Options: bolt, vault
Default: bolt

influxd --secret-store=bolt

---

--session-length

Specifies the Time to Live (TTL) in minutes for newly created user sessions.

Default: 60

influxd --session-length=60

---

--session-renew-disabled

Disables automatically extending a user's session TTL on each request. By default, every request sets the session's expiration time to five minutes from now. When disabled, sessions expire after the specified session length and the user is redirected to the login page, even if recently active.

influxd --session-renew-disabled

---

--store

Specifies the data store for REST resources.

Options: bolt, memory
Default: bolt

{{% note %}} memory is meant for transient environments, such as testing environments, where data persistence does not matter. InfluxData does not recommend using memory in production. {{% /note %}}

influxd --store=bolt

---

--tracing-type

Enables tracing in InfluxDB and specifies the tracing type. Tracing is disabled by default.

Options: log, jaeger

influxd --tracing-type=log

---

--vault-addr

Specifies the address of the Vault server expressed as a URL and port. For example: https://127.0.0.1:8200/.

influxd --vault-addr=https://127.0.0.1:8200/

You can also set this using the VAULT_ADDR environment variable, however influxd flags take precedence over environment variables.

---

--vault-cacert

Specifies the path to a PEM-encoded CA certificate file on the local disk. This file is used to verify the Vault server's SSL certificate.
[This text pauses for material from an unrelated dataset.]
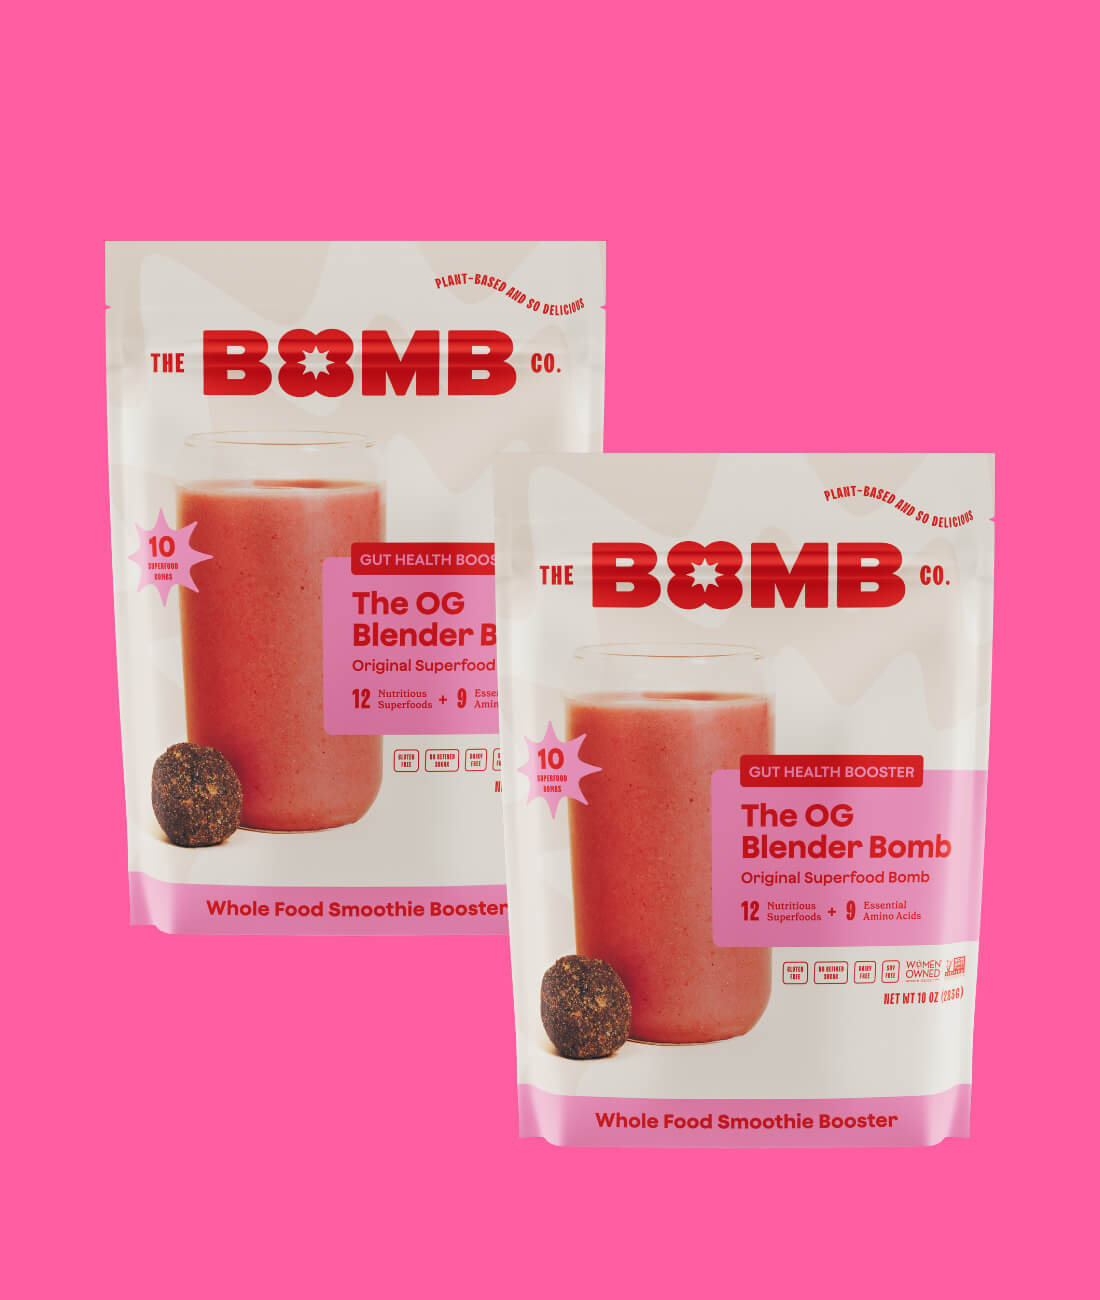 Blender Bombs Original

This setting takes precedence over the --vault-capath setting.

influxd  --vault-cacert=/path/to/ca.pem

You can also set this using the VAULT_CACERT environment variable, however influxd flags take precedence over environment variables.

---

--vault-capath

Specifies the path to a directory of PEM-encoded CA certificate files on the local disk. These certificates are used to verify the Vault server's SSL certificate.

influxd --vault-capath=/path/to/certs/

You can also set this using the VAULT_CAPATH environment variable, however influxd flags take precedence over environment variables.

---

--vault-client-cert

Specifies the path to a PEM-encoded client certificate on the local disk. This file is used for TLS communication with the Vault server.
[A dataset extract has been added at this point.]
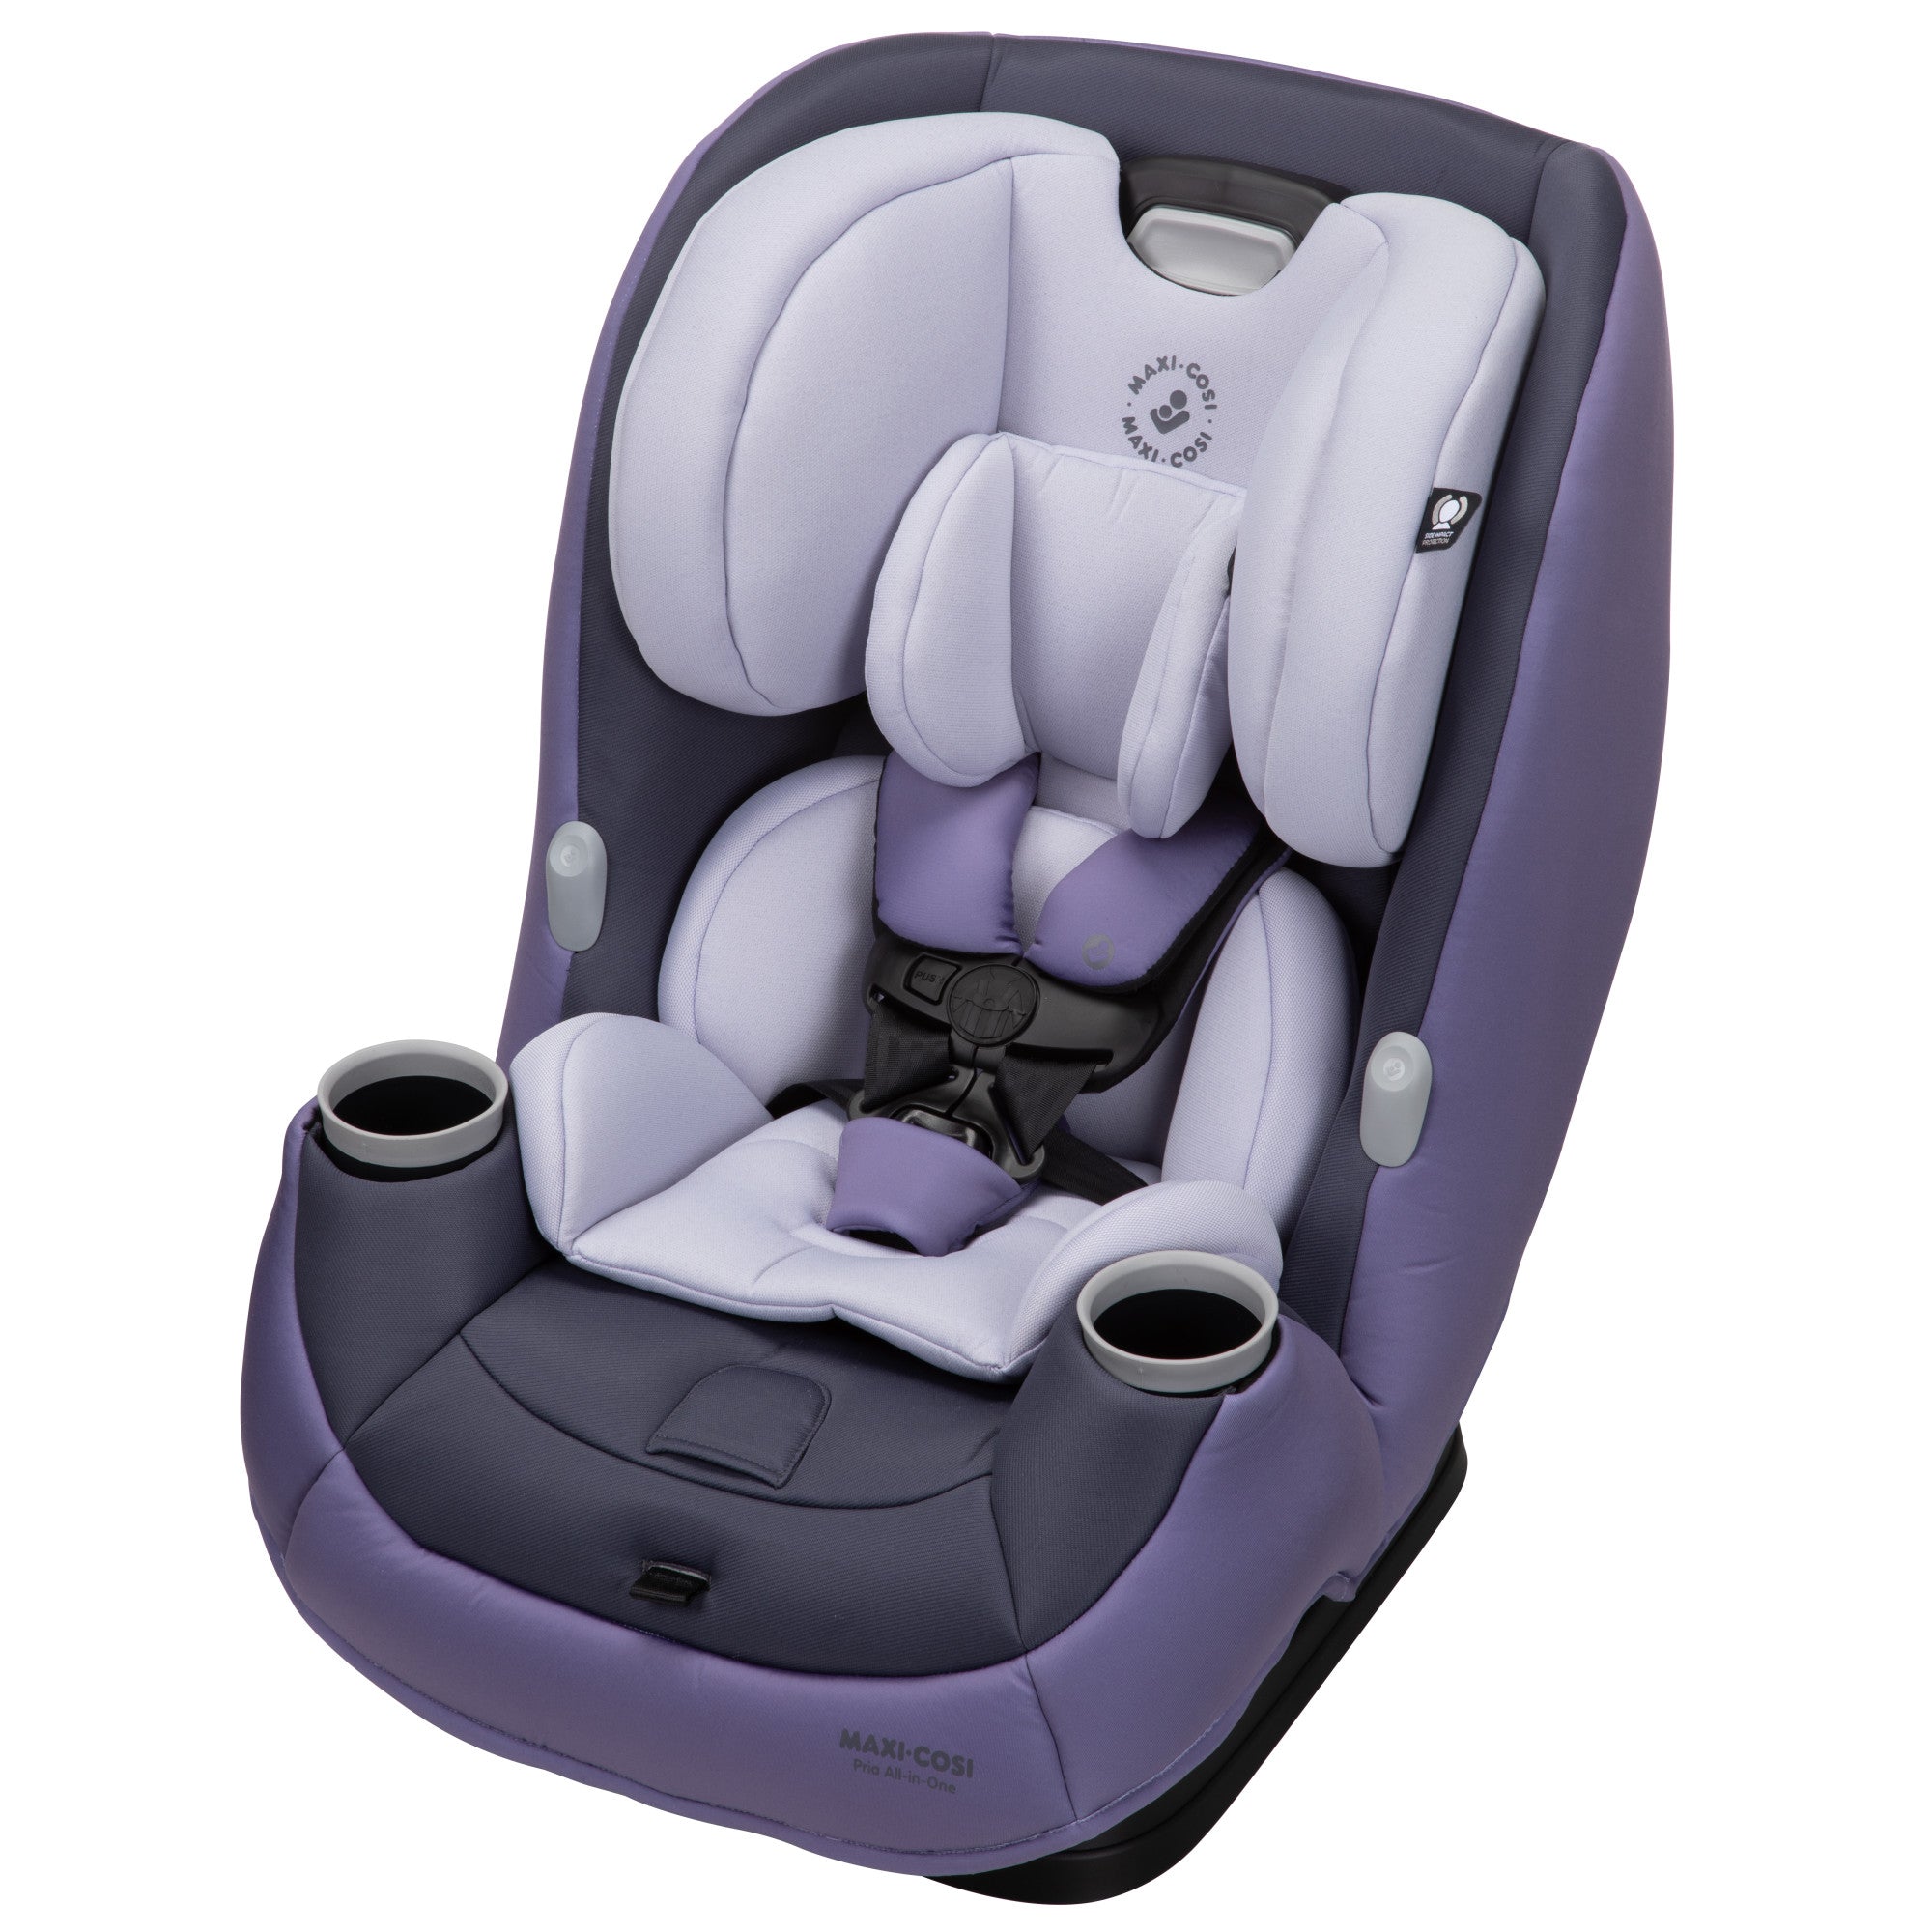 Maxi-Cosi Pria All-in-One Convertible Car Seat with PureCosi

influxd --vault-client-cert=/path/to/client_cert.pem

You can also set this using the VAULT_CLIENT_CERT environment variable, however influxd flags take precedence over environment variables.

---

--vault-client-key

Specifies the path to an unencrypted, PEM-encoded private key on disk which corresponds to the matching client certificate.

influxd --vault-client-key=/path/to/private_key.pem

You can also set this using the VAULT_CLIENT_KEY environment variable, however influxd flags take precedence over environment variables.

---

--vault-max-retries

Specifies the maximum number of retries when encountering a 5xx error code. The default is 2 (for three attempts in total). Set this to 0 or less to disable retrying.

Default: 2

influxd --vault-max-retries=2

You can also set this using the VAULT_MAX_RETRIES environment variable, however influxd flags take precedence over environment variables.

---

--vault-client-timeout

Specifies the Vault client timeout.

Default: 60s

influxd --vault-client-timeout=60s

You can also set this using the VAULT_CLIENT_TIMEOUT environment variable, however influxd flags take precedence over environment variables.

---

--vault-skip-verify

Skip certificate verification when communicating with Vault. Setting this variable voids Vault's security model and is not recommended.

influxd --vault-skip-verify

You can also set this using the VAULT_SKIP_VERIFY environment variable, however influxd flags take precedence over environment variables.

---

--vault-tls-server-name

Specifies the name to use as the Server Name Indication (SNI) host when connecting via TLS.

influxd --vault-tls-server-name=secure.example.com

You can also set this using the VAULT_TLS_SERVER_NAME environment variable, however influxd flags take precedence over environment variables.

---

--vault-token

Specifies the Vault authentication token use when authenticating with Vault.

influxd --vault-token=exAmple-t0ken-958a-f490-c7fd0eda5e9e

You can also set this using the VAULT_TOKEN environment variable, however influxd flags take precedence over environment variables.